Making Changes to Your Operating Agreement
For better or worse, your business is going to change. As you begin doing business in D.C. and, hopefully, raking in profits, the LLC will grow and evolve. It will develop different needs and more complicated processes. Keep everything running smoothly but update your operating agreement as changes occur.
First, all LLC managers/members must approve the change. To seek approval, follow the guidelines you already outlined in your operating agreement for ratifying amendments.
Because it isn’t recorded with the state, modifying your agreement is as simple as making changes to the Word document or PDF you keep in your own files.
For example, your registered agent resigns and, following D.C. law, you appoint a registered agent service to take their place.
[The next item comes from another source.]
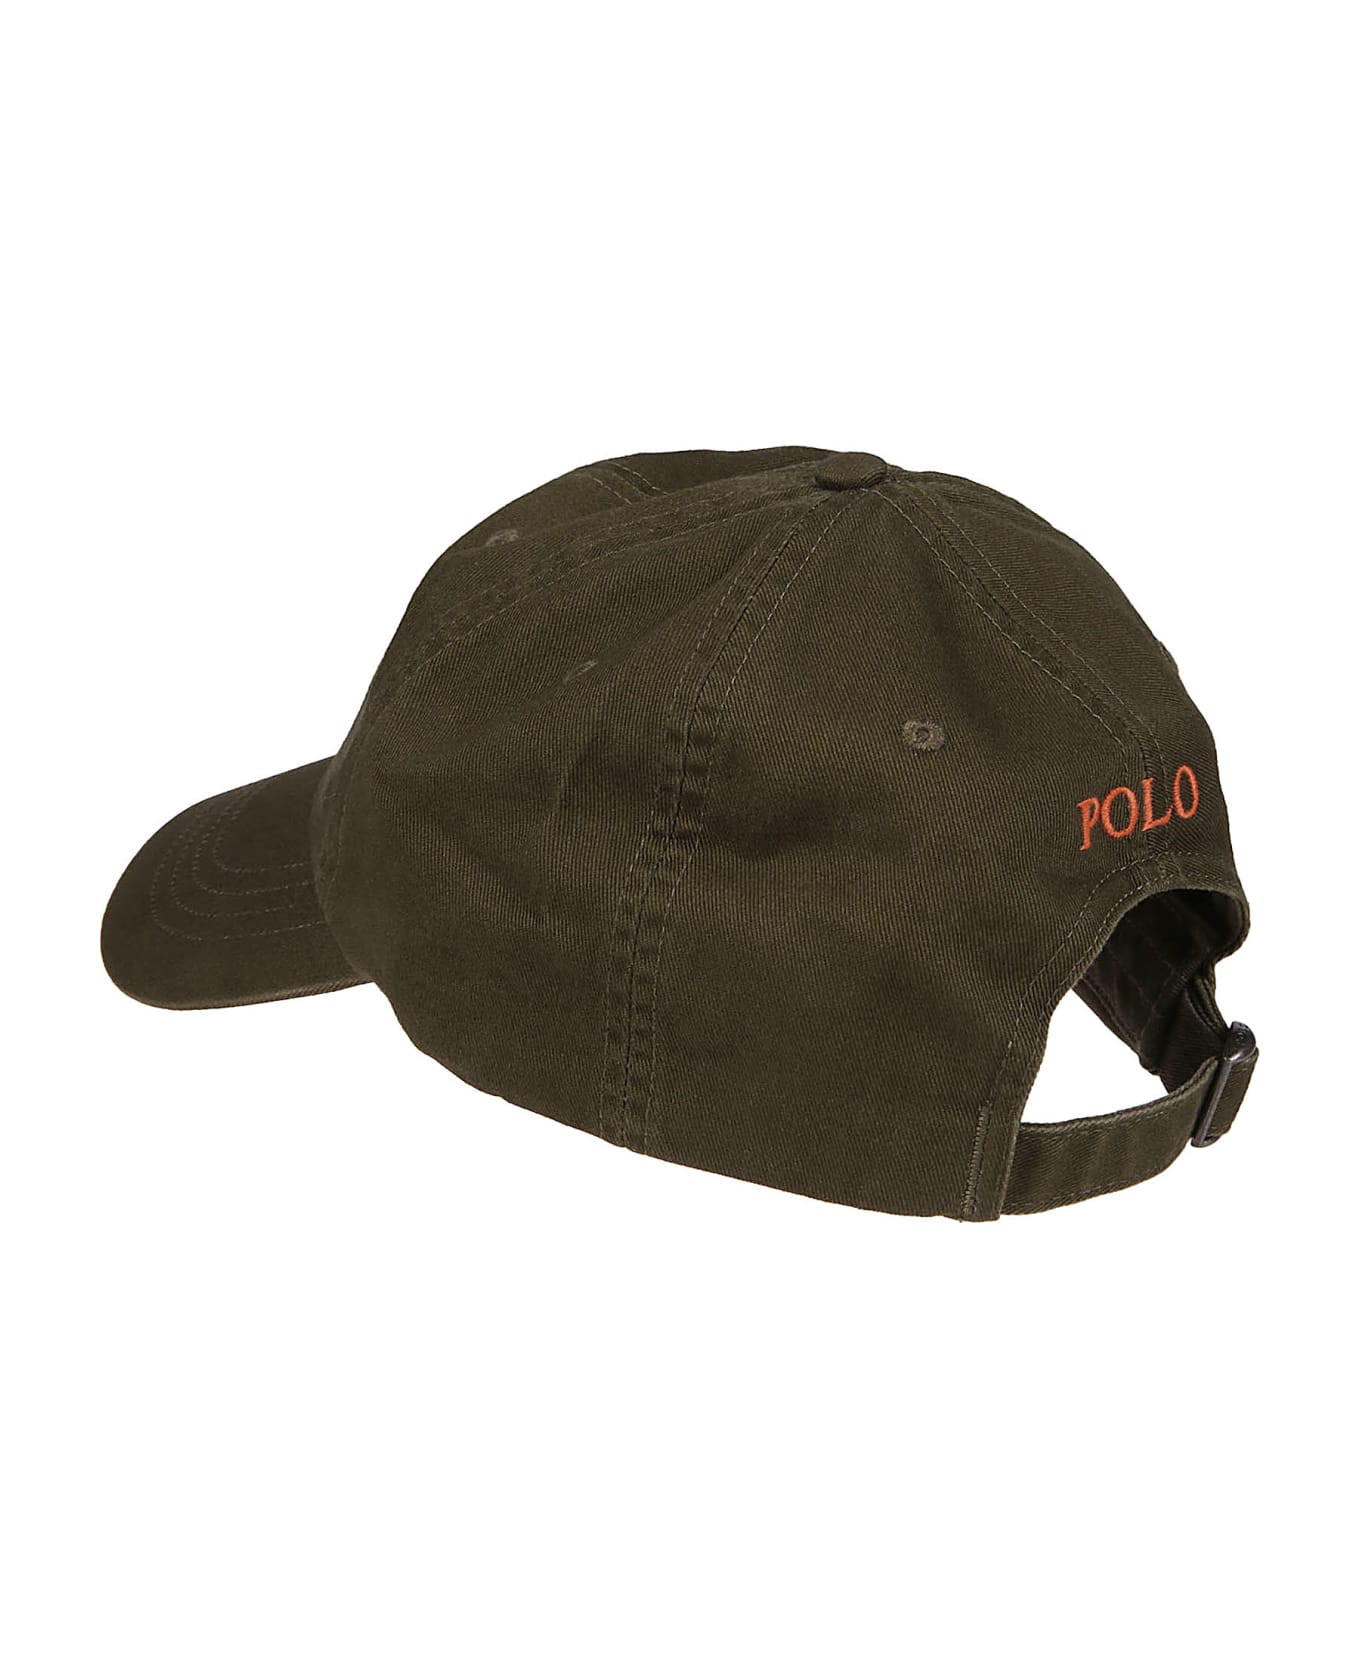 Polo Ralph Lauren Baseball Cap - Canopy Olive

Simply pull up your electronic file, enter the new agent information, save it, and print a copy. Make sure you keep a draft of the previous document as well so you can track the changes you’ve made, just in case the state ever has any questions.
Hiring an Attorney
Worried that you might miss a critical detail? Uncomfortable with legal minutiae? If you want to ensure your operating agreement provides for all possible outcomes and disputes, you might consider hiring an attorney to review it or write it entirely.
Some attorneys have a flat rate for drafting an operating agreement; others bill by the hour. Either way, you’ll only need their assistance for a limited period of time. Use a site like Avvo to find the right fit for your business. Avvo’s database lets you sort by location, rate, and more – it even shows D.C. lawyers that specialize in LLCs.
Hiring an LLC Formation Service
The LLC formation process, with its forms and fees, might make you want to throw up your hands and surrender. Don’t do that! Instead, consider hiring an online service like ZenBusiness or Northwest Registered Agent.
An online service like we mentioned earlier can quickly take care of all your necessary filings. Plus, they can create a customized operating agreement for you!
Given the amount of time you would spend drafting an agreement from scratch, a formation service is worth it. Not only will you receive a meticulously researched and crafted operating agreement, but you’ll also be able to spend more time growing your business, planning your next move, or just relaxing.
Despite the fact that the operating agreement isn’t mandatory, Arizona still has laws about what it can and cannot do.
By the state’s definition (Code of the District of Columbia, Title 29, Chapter 8), an operating agreement’s purpose is to govern relations, rights, duties, and operations of an LLC’s members. But the document is flexible and can include “any provision that is not contrary to law.” This gives LLC owners the option to structure and control their business as much or as little as they would like.
But this flexibility isn’t unlimited. An operating agreement may not establish any processes that violate District or federal law, and it doesn’t change the LLC’s culpability for such violations. It cannot make an LLC exempt from registered agent requirements, filing requirements, etc. Further, the operating agreement cannot “unreasonably restrict” an LLC member’s duties and/or rights.
Anything not specified by your operating agreement will be subject to the District’s default laws. For example, if you don’t define how remaining assets should be distributed after your LLC’s dissolution, the District will make that decision for you. An operating agreement is preferable because it’s customized for your business, while state default laws aren’t, so they likely won’t be the best option.
Stay within the guidelines within the District’s statutes, and be sure to make your operating agreement as detailed as possible (so there’s no room for interpretation) and you’ll be good to go!